Cutting edge: Interleukin 4-dependent mast cell proliferation requires Autocrine/Intracrine cysteinyl leukotriene-induced signaling

Reactive mastocytosis (RM) in epithelial surfaces is a consistent Th2-associated feature of allergic disease. RM fails to develop in mice lacking leukotriene (LT) C-4 synthase (LTC4S), which is required for cysteinyl leukotriene (cys-LT) production. We now report that IL-4, which induces LTC4S expression by mast cells (MCS), requires cys-LTs, the cys-LT type 1 receptor (CysLT(1)), and Gi proteins to promote MC proliferation.

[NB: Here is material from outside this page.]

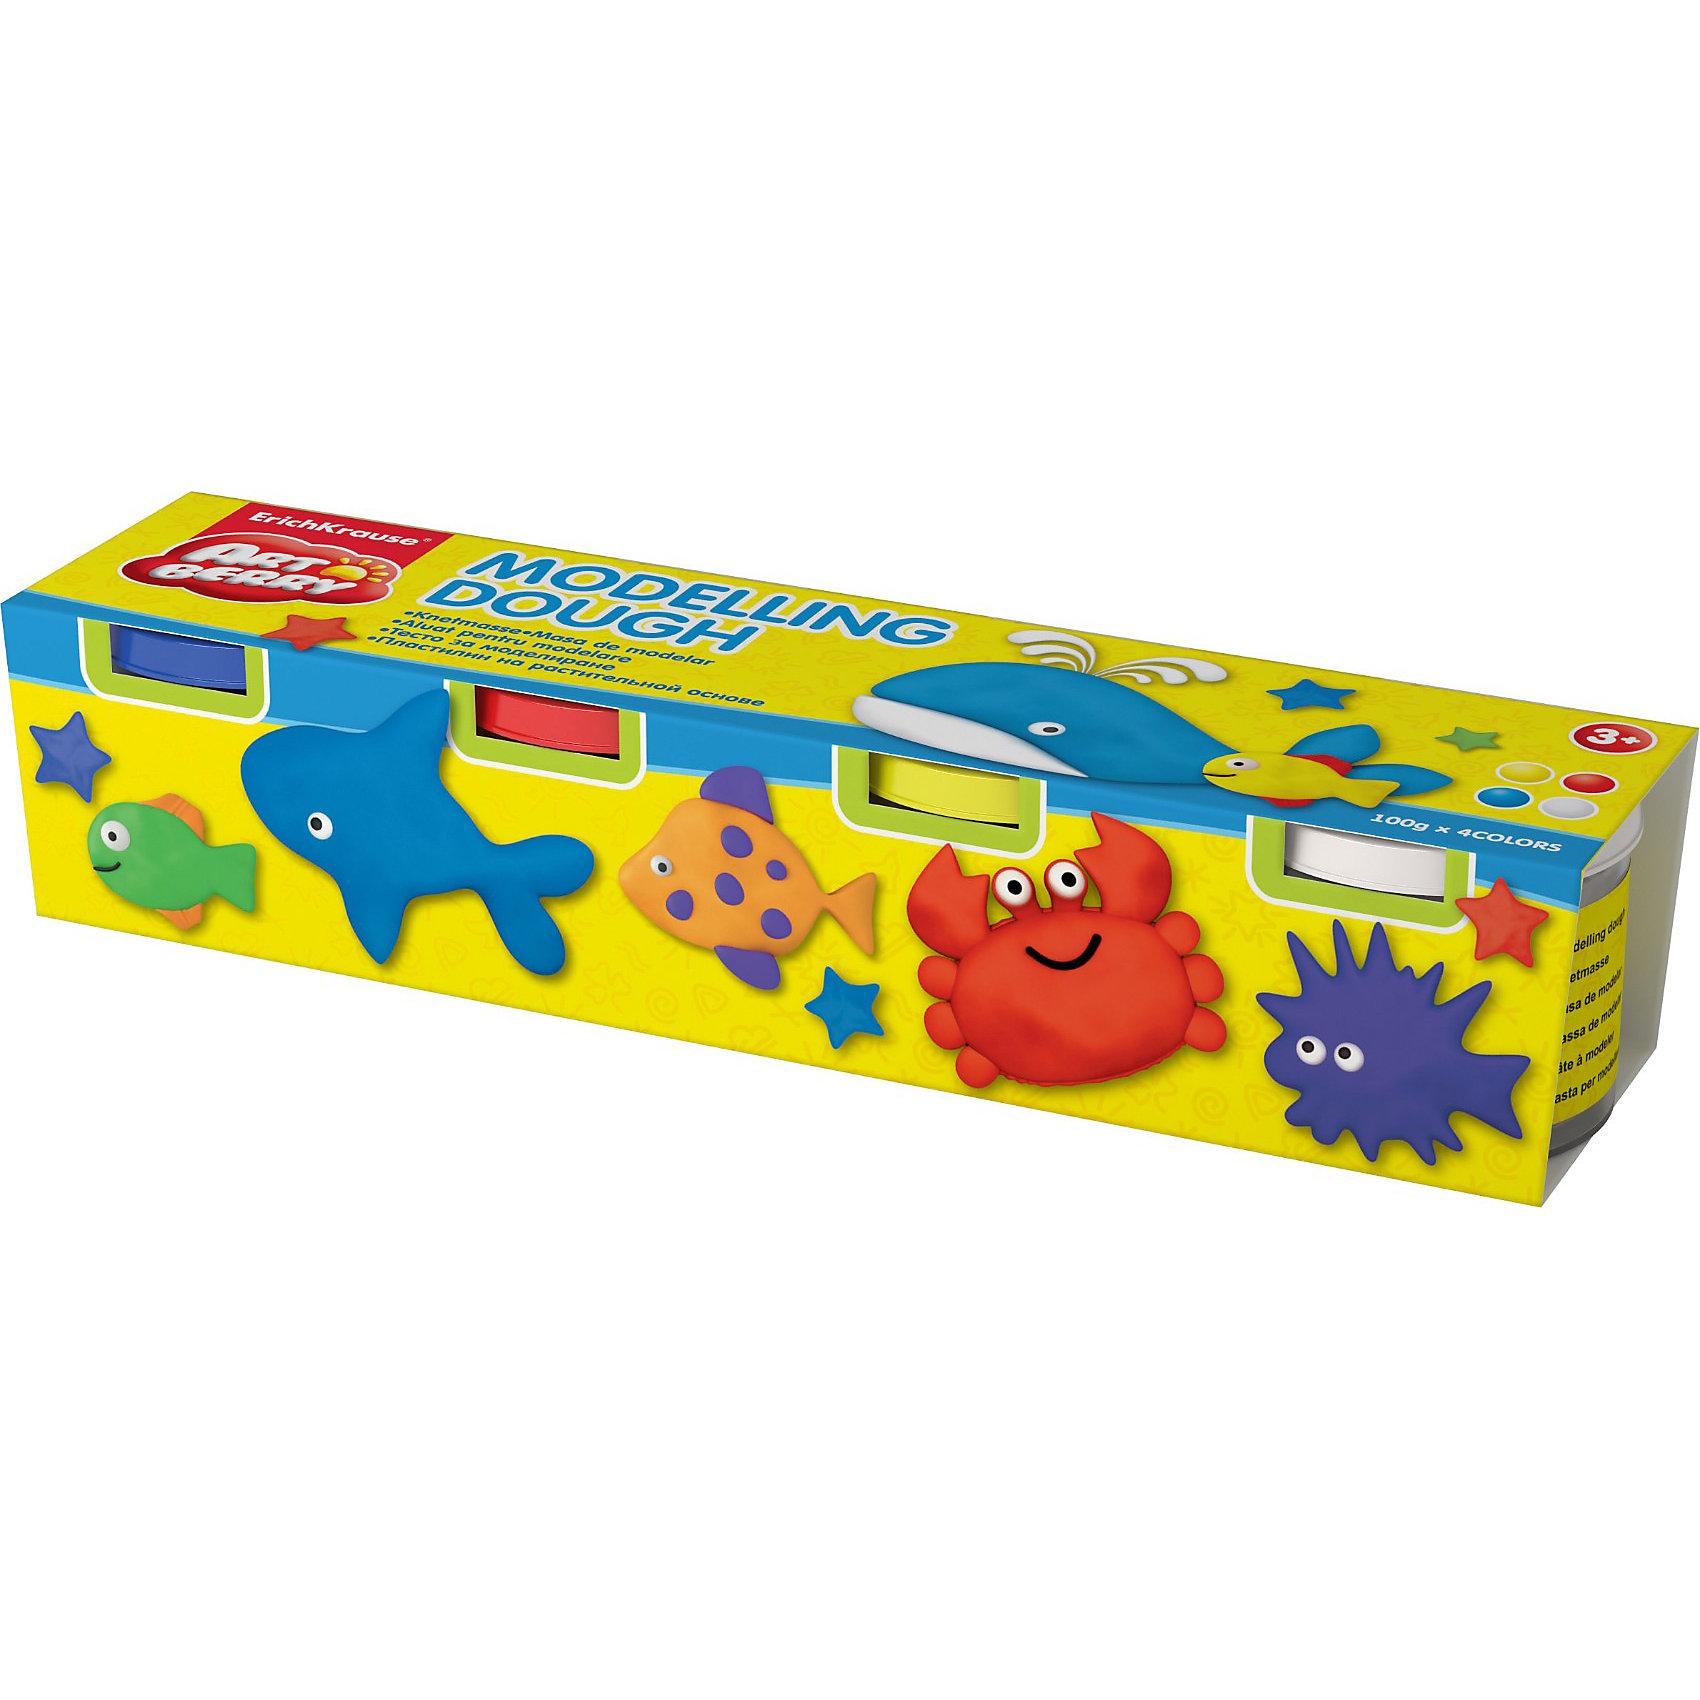 Пластилин на растительной основе Modelling Dough ArtberryПластилин на растительной основе Modelling Dough от Erich Krause (Эрих Краузе) абсолютно безопасен для Вашего малыша!<br><br>Дополнительная информация:<br><br>Состав: 4 цветов по 100 гр., <br>упаковка- картонный рукав<br><br>Ширина мм: 200<br>Глубина мм: 40<br>Высота мм: 40<br>Вес г: 503<br>Возраст от месяцев: 36<br>Возраст до месяцев: 144<br>Пол: Унисекс<br>Возраст: Детский<br>SKU: 3293897

LTD4 (10-1000 nM) enhanced proliferation of human MCs in a CysLT(1)-dependent, pertussis toxin-sensitive manner. LTD4-induced phosphorylation of ERK required transactivation of c-kit. IL-4-driven comitogenesis was likewise sensitive to pertussis toxin or a CysLT(1)-selective antagonist and was attenuated by treatment with leukotriene synthesis inhibitors. Mouse MCs lacking LTC4S or CysLT(1) showed substantially diminished IL-4-induced comitogenesis. Thus, IL-4 induces proliferation in part by inducing LTC4S and cys-LT generation, which causes CysLT(1) to transactivate c-kit in RM.